Mass-transfer enhancement via chaotic laminar flow within a droplet

Abstract

The Stokes flow occurring within a non-neutrally buoyant spherical droplet translating by buoyancy through an immiscible liquid which is undergoing simple shear is shown to be chaotic under many circumstances for which the droplet translates by buoyancy through the entraining fluid. This flow is easily produced, for example, when the droplet rises (or falls) through the annular space of a vertical concentric-cylinder Couette viscometer or through a vertical Poiseuille flow. The parameters studied include: (i) droplet/bulk fluid viscosity ratio; (ii) shear strength/bubble rise velocity ratio; and (iii) the angle between the translational bubble velocity vector and the vorticity vector characterizing the undisturbed shear.
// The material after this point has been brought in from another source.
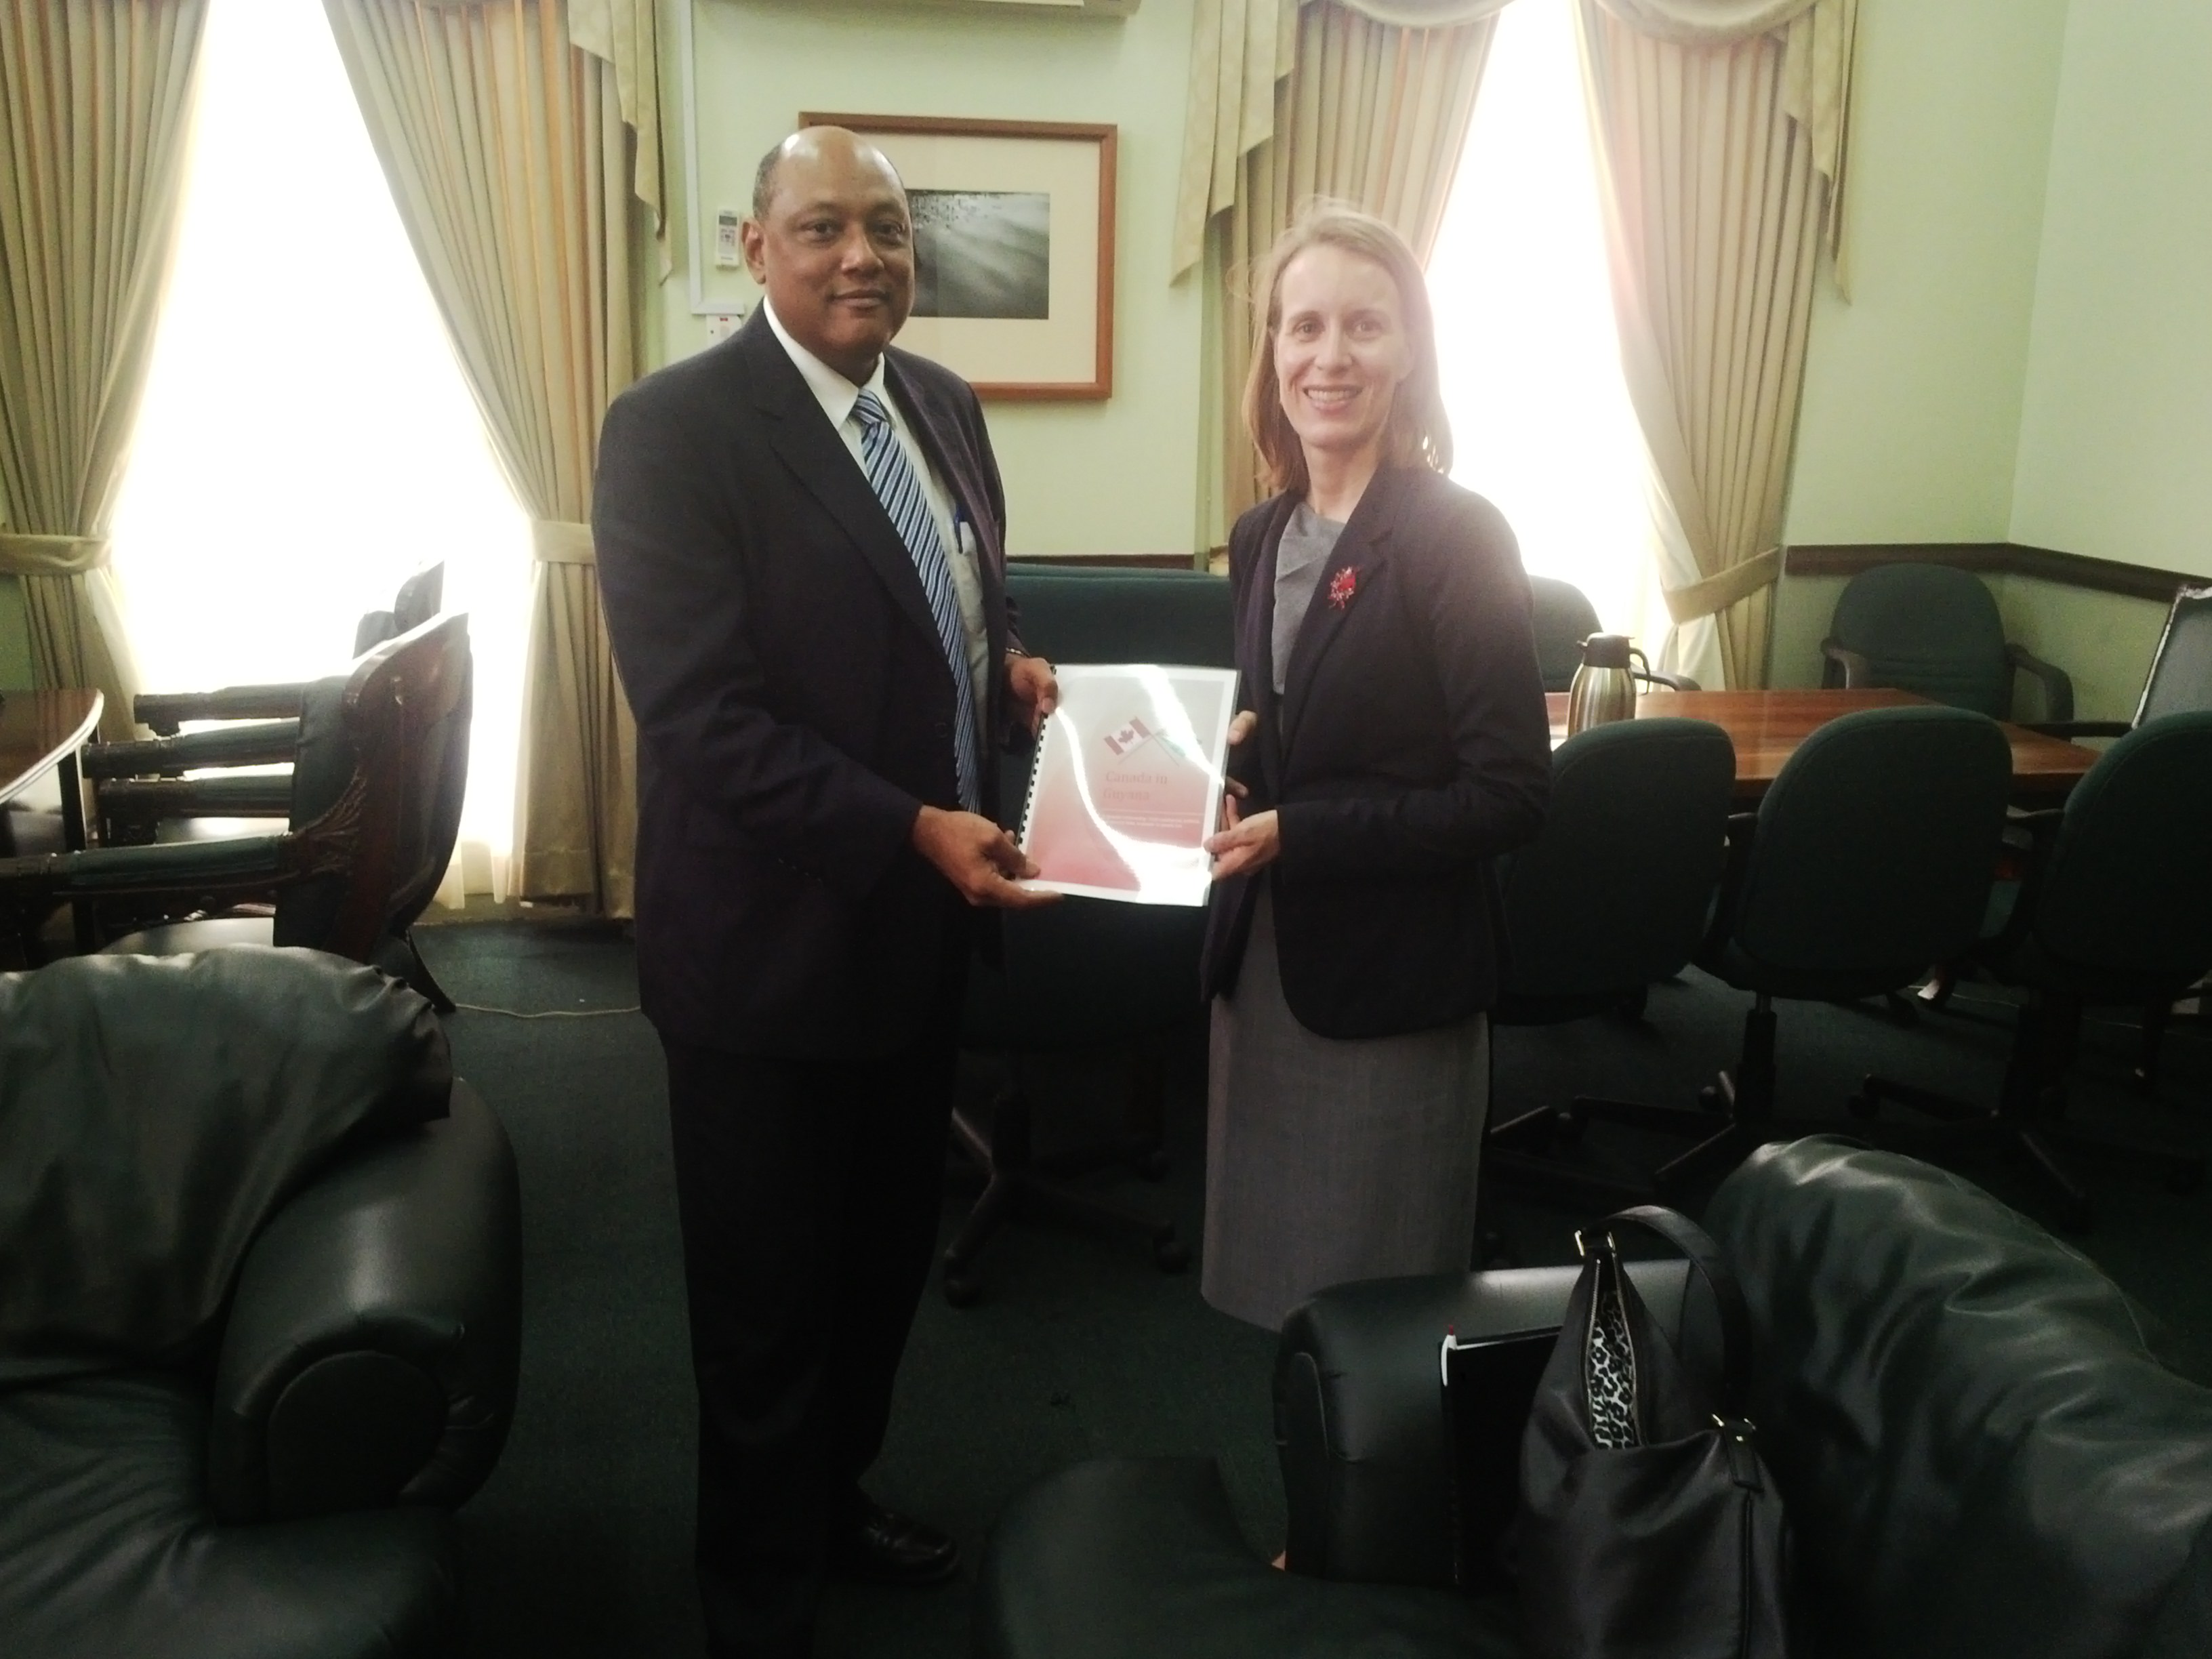 Speaker receives copy of a review of the partnership between Guyana and Canada

Streamlines existing within a droplet that translates perpendicular to this vorticity vector are shown to be non-chaotic for all choices of physical parameters. Other relative orientations frequently contain chaotic trajectories. When solute initially dissolved within the droplet is extracted into the bulk fluid, the resulting overall mass-transfer coefficient (calculated via generalized Taylor dispersion theory) quantifying the extraction rate at asymptotically long times is shown to be significantly higher in the chaotic flow case.